Verwaltungsgericht des Kantons Zürich: VB.2020.00165

2. Oktober 2020Deutsch15 min

(URT.2020.22126)

Source djiktzh.ch

Verwaltungsgericht

des

Kantons Zürich

4. Abteilung

VB.2020.00165

Urteil

der 4. Kammer

vom 2. Oktober 2020

Mitwirkend: Abteilungspräsidentin Tamara Nüssle (Vorsitz), Verwaltungsrichter Marco Donatsch, Verwaltungsrichter

Martin Bertschi, Gerichtsschreiberin

Sonja Güntert.

In Sachen

A, vertreten durch RA B,

Beschwerdeführer,

gegen

Migrationsamt des Kantons Zürich,

Beschwerdegegner,

betreffend

Widerruf der Niederlassungsbewilligung (Wiedererwägungsgesuch),

hat sich ergeben:

Sachverhalt

I.

A.

A, ein 1988 in der Schweiz geborener Staatsangehöriger

Serbiens, war im Besitz der Niederlassungsbewilligung für den Kanton Zürich

(vgl. hierzu sowie zum Folgenden die Schilderungen des Sachverhalts in VGr,

24. Oktober 2018, VB.2018.00287 [nicht publiziert]).
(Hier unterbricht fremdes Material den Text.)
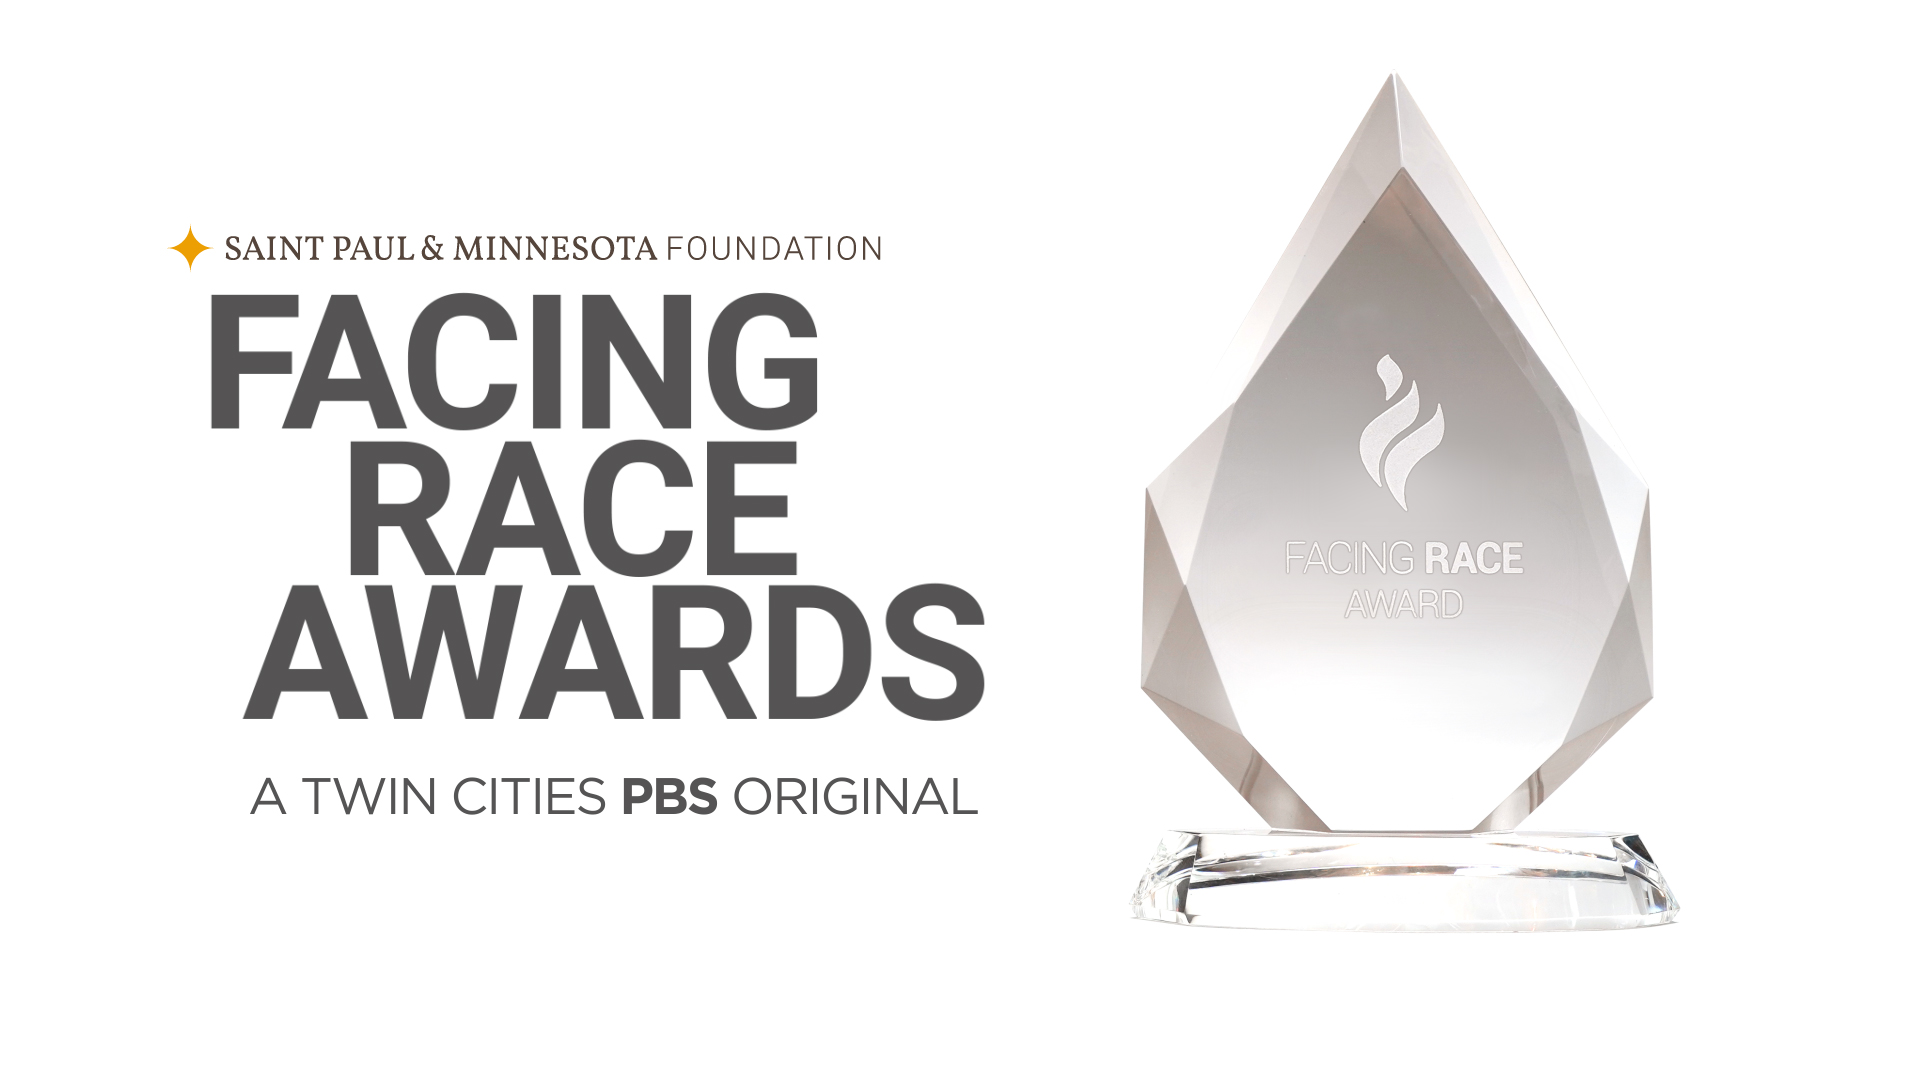 The Facing Race Awards - Twin Cities PBS

Nachdem er in der

Schweiz wiederholt strafrechtlich in Erscheinung getreten war, widerrief das

Migrationsamt des Kantons Zürich diese Bewilligung mit Verfügung vom 9. April

2015 und wies A aus der Schweiz weg. Einem gegen diese Verfügung erhobenen

Rekurs bei der Sicherheitsdirektion war kein Erfolg beschieden, und A wurde

Anfang Februar 2016 aus der Schweiz ausgeschafft.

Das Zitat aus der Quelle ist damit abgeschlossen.